Activation of regenerative processes in the liver when using cell-bone marrow total RNA

Objective: to study the cellular mechanisms of activation of regenerative processes in the liver when using total RNA (tRNA) of bone marrow cells (BMCs) based on an extended liver resection (ELR) model. Materials and methods. Male Wistar rats (n = 80) with ELR model (70%) were divided into 2 groups: group 1 (control group) had a single saline injection, while group 2 (experimental group) received a single tRNA injection at a 30 μg/100 g dose of animal weight. The biochemical parameters of liver function and weight were monitored over time. Also monitored were microstructural changes in hepatocytes 48 hours after ELR by examining mitotic activity, caspase-9 expression and morphometric parameters. Results.
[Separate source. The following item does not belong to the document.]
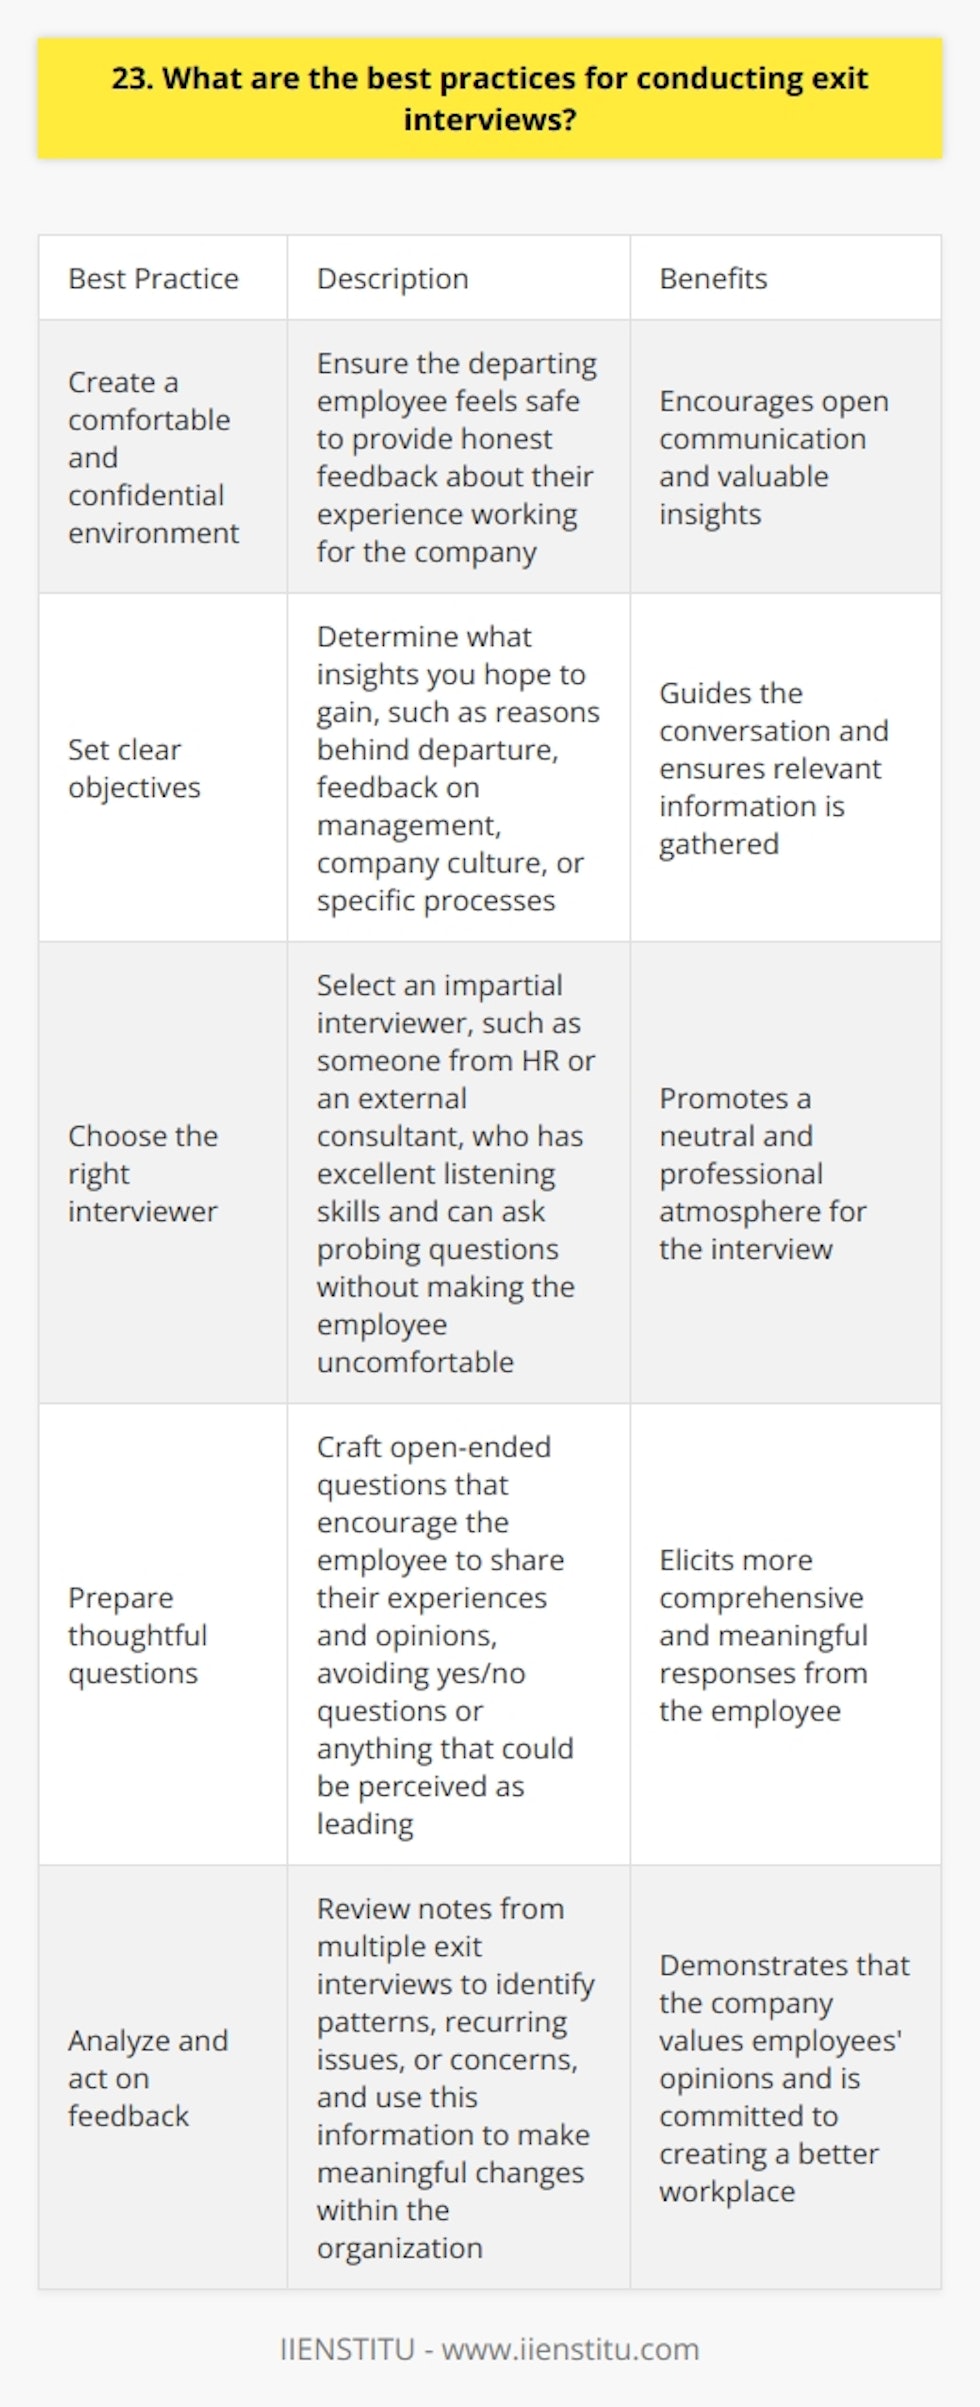 When conducting exit interviews, its crucial to create a comfortable and confidential environment for the departing employee. This encourages them to provide honest feedback about their experience working for the company. Set Clear Objectives Before the interview, determine what insights you hope to gain. Do you want to understand the reasons behind their departure? Are you looking for feedback on management, company culture, or specific processes? Having clear objectives helps guide the conversation. Choose the Right Interviewer Select an interviewer who is impartial and not directly involved in the employees day-to-day work. This could be someone from HR or an external consultant. The interviewer should have excellent listening skills and be able to ask probing questions without making the employee feel uncomfortable. Prepare Thoughtful Questions Craft open-ended questions that encourage the employee to share their experiences and opinions. Avoid yes/no questions or anything that could be perceived as leading. Some example questions include: Listen Actively and Take Notes During the interview, give the employee your full attention. Make eye contact, nod, and encourage them to continue speaking. Take detailed notes so you can refer back to them later and identify common themes across multiple exit interviews. Analyze and Act on Feedback After conducting several exit interviews, review your notes and look for patterns. Are there recurring issues or concerns? Use this information to make meaningful changes within the organization. By acting on feedback, you demonstrate that you value employees opinions and are committed to creating a better workplace. Remember, exit interviews are just one piece of the puzzle. To get a complete picture of your companys strengths and weaknesses, combine insights from exit interviews with regular employee surveys and feedback sessions.
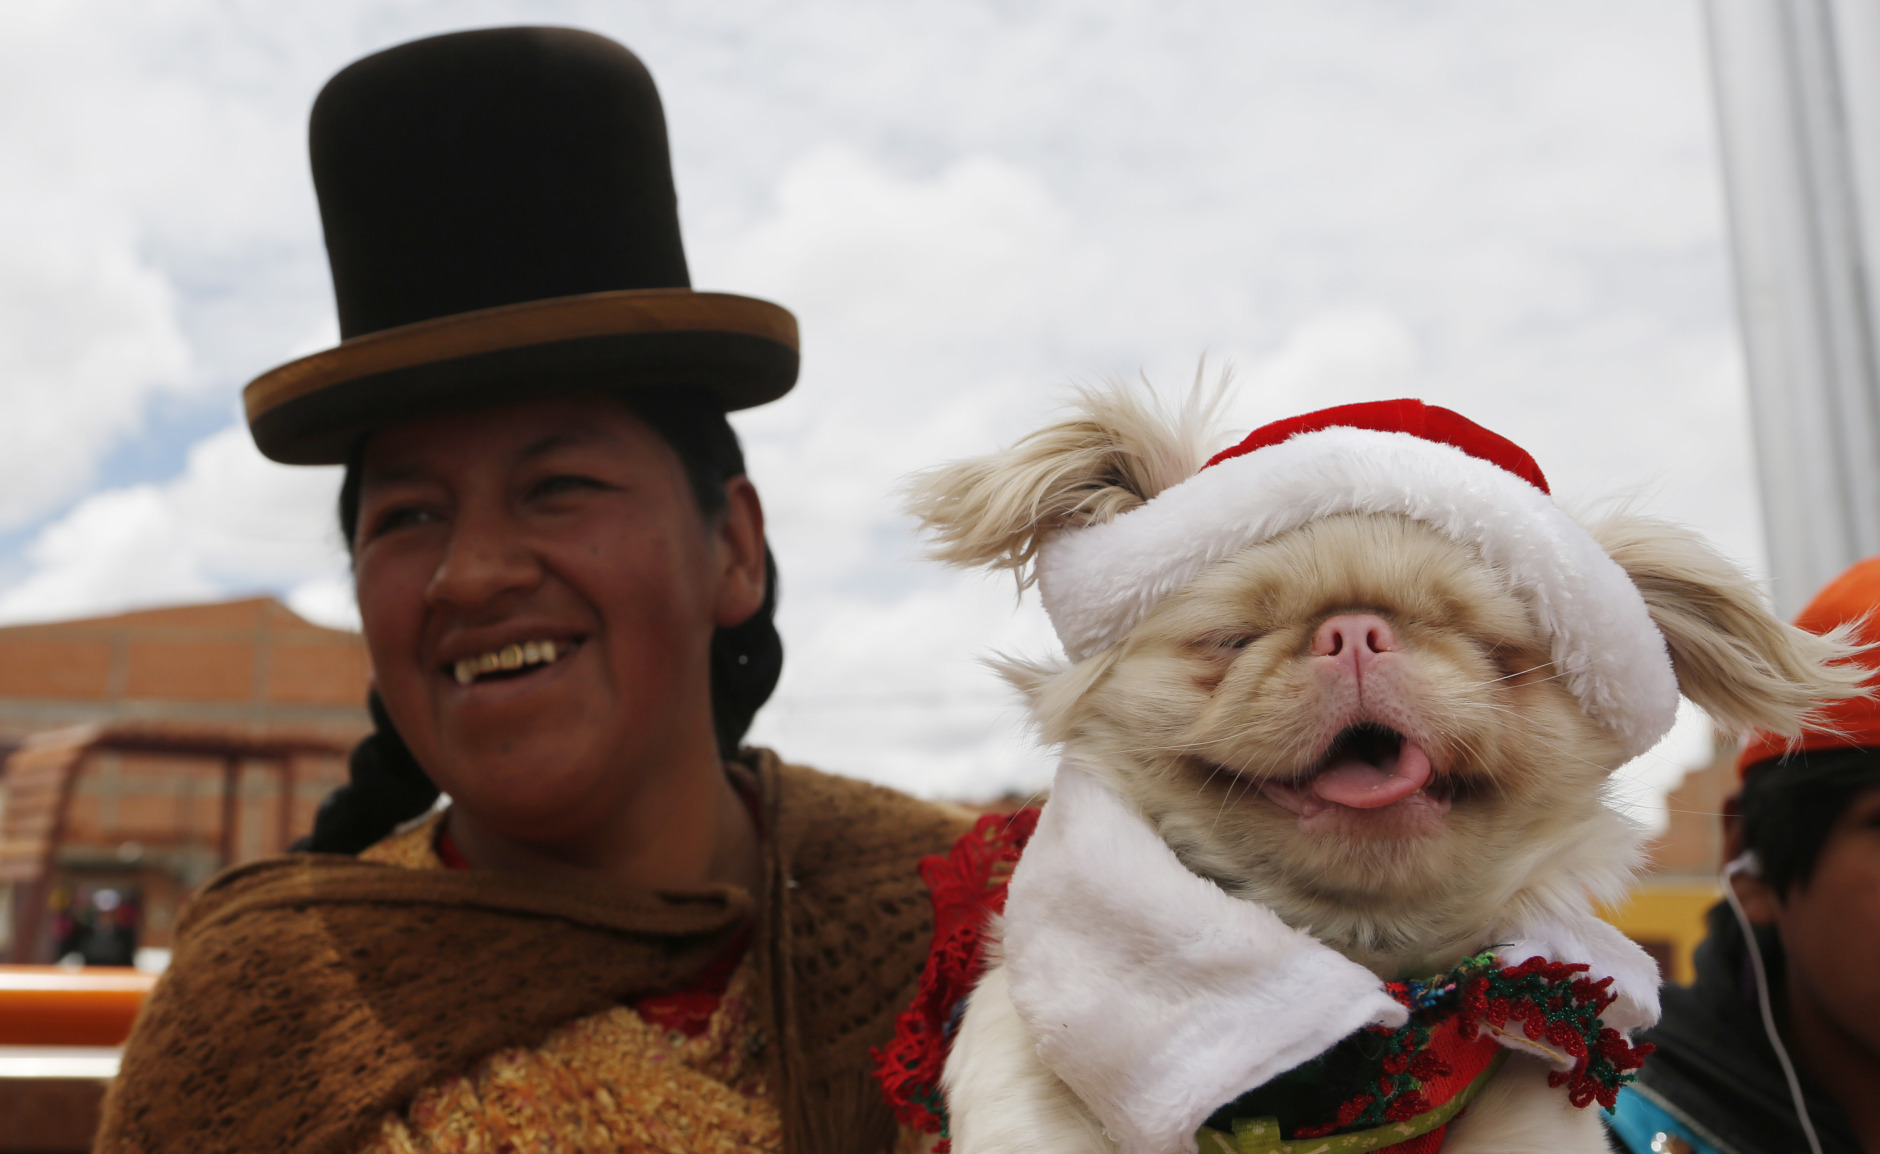 An Aymara indigenous woman carries her pet to a Christmas costume contest for dogs in El Alto, Bolivia, Saturday, Dec. 20, 2014. About 50 dogs participated in the event organized by zoonosis. (AP Photo/Juan Karita)

It was found that in group 2, in comparison to group 1, there was faster normalization of biochemical parameters (by 10–14 days), a higher mitotic index of hepatocytes (23.45‰ versus 5.37‰), and initially sharper decrease and then faster recovery of liver mass (by 10–12 days versus 18–20 days). Both groups showed almost total expression of caspase-9, including in mitotically splitting hepatocytes. Group 1 demonstrated decreased values of morphometric parameters of single and binuclear cells, decreased number of binucleated hepatocytes and increased total density of hepatocytes as compared to the intact liver. Intraperitoneal administration of tRNA increased morphometric parameters of mononuclear hepatocytes, did not affect their number, but increased the area of the nuclei of binuclear hepatocytes as compared to the control group. Conclusion. The proven capability of cell-bone marrow total RNA to simultaneously support apoptosis in liver cells after ELR and induce mitotic activity indicates that tRNA can switch activated apoptosis to cell proliferation at the early phase of the regenerative process. This effect may be due to the presence of regulatory RNA molecules in tRNA, including numerous non-coding RNAs.